▶ EXERCISE DATA

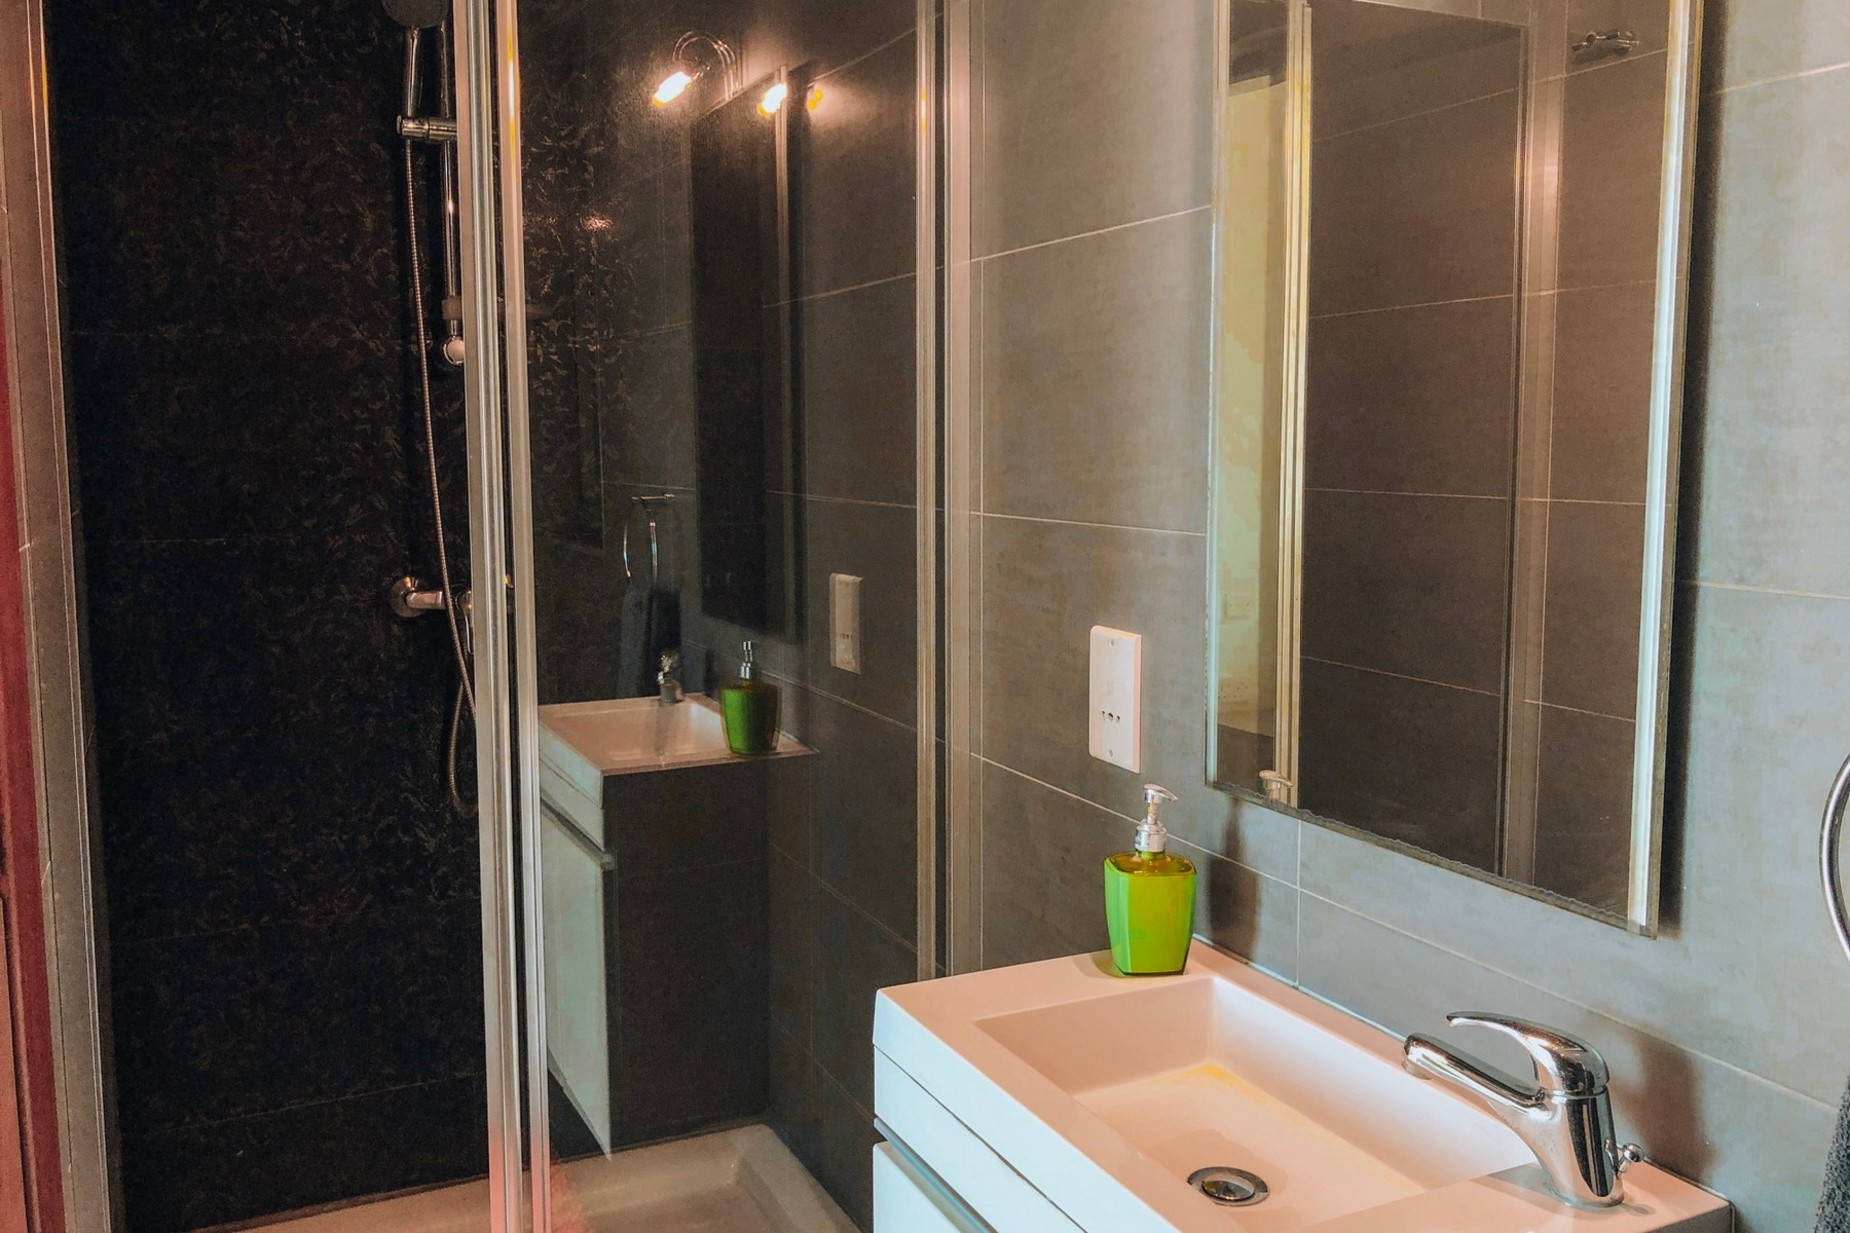 3 bed Apartment For Rent in Balzan, Balzan - thumb 7
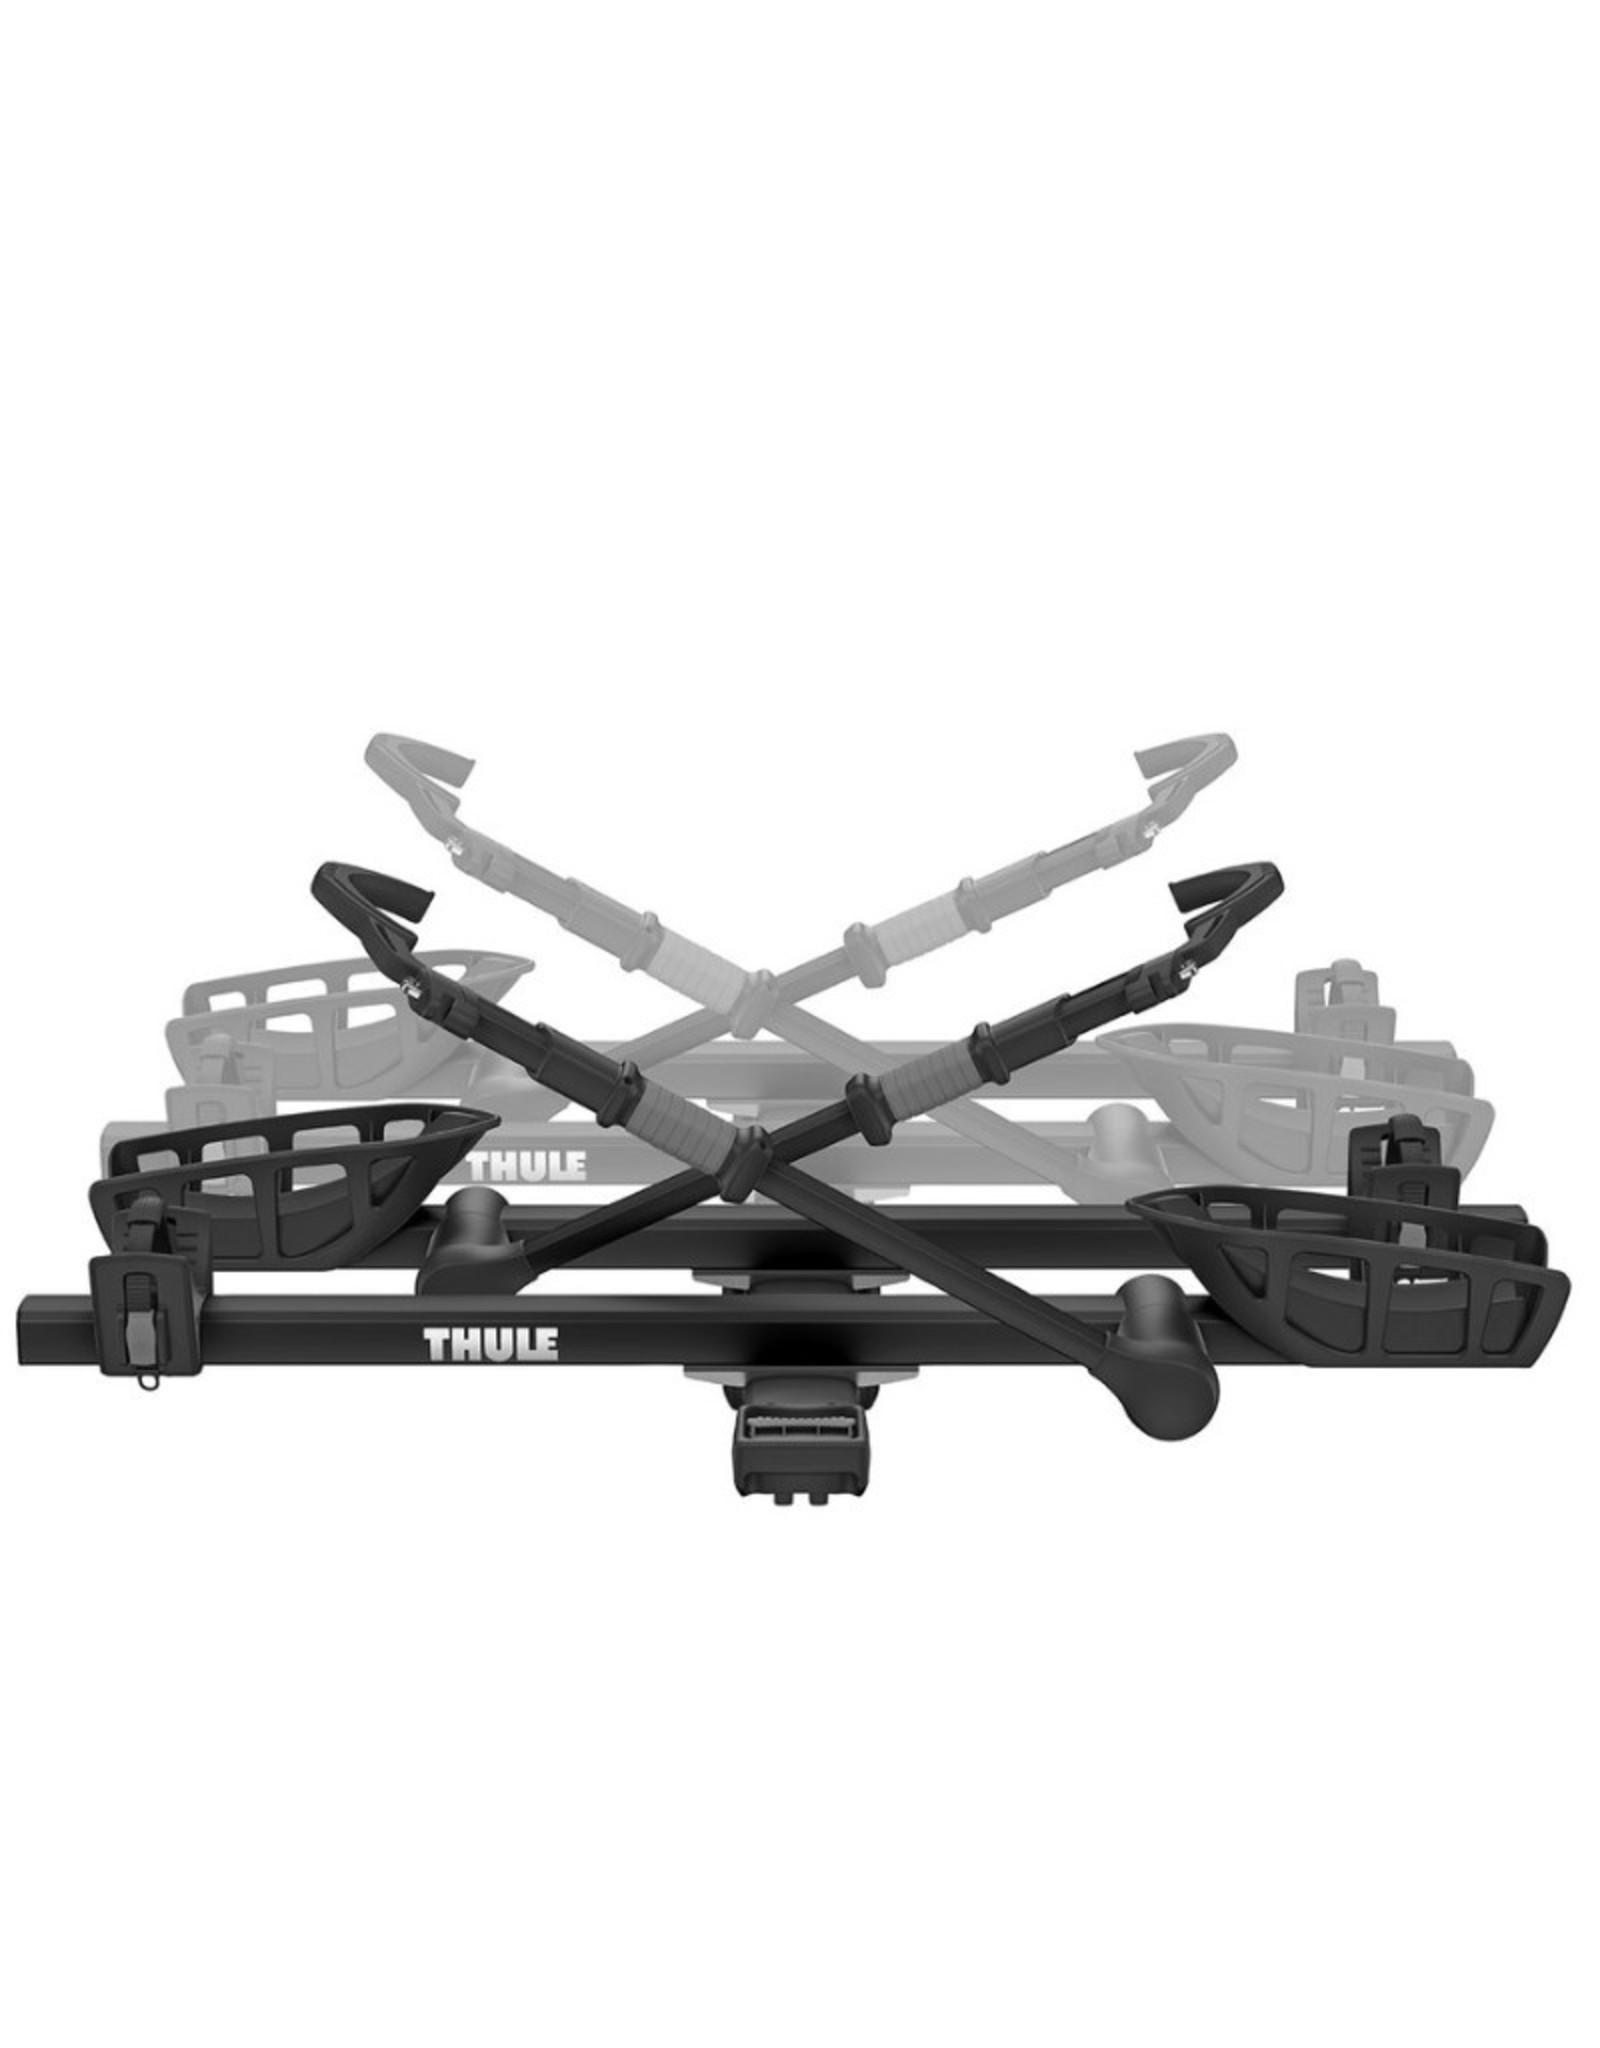 "Thule THULE T2 PRO XT BLACK 2 ""hitch mounted bike rack add-on for 2 BIKES"
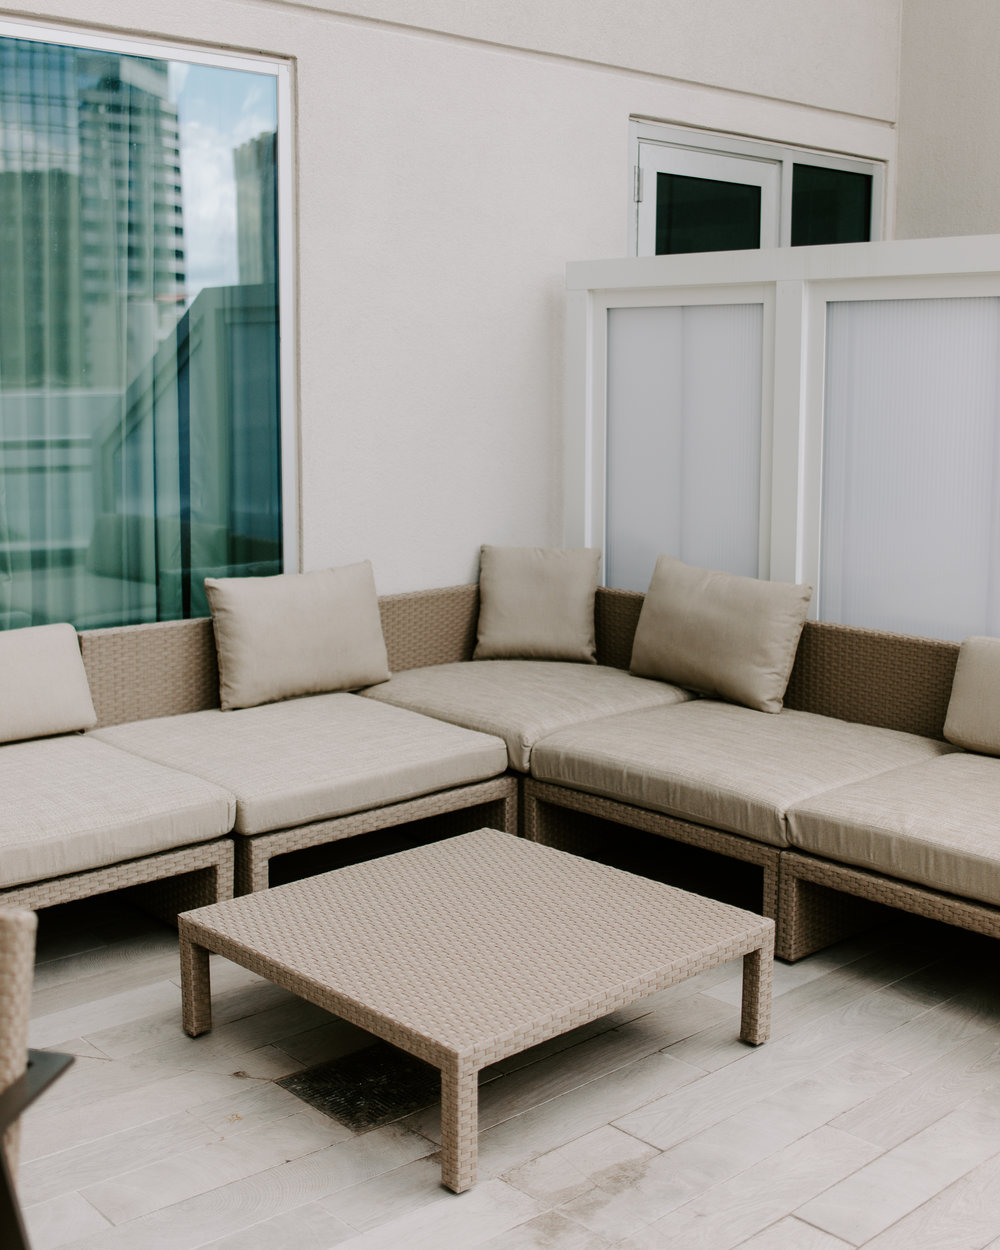 Balcony3 (1).jpg

▶ REQUIREMENT
Please set down each line of the data above exactly as written, without the pictures.

▶ RESPONSE TO THE EXERCISE
 3 bed Apartment For Rent in Balzan, Balzan - thumb 7
 "Thule THULE T2 PRO XT BLACK 2 ""hitch mounted bike rack add-on for 2 BIKES"
 Balcony3 (1).jpg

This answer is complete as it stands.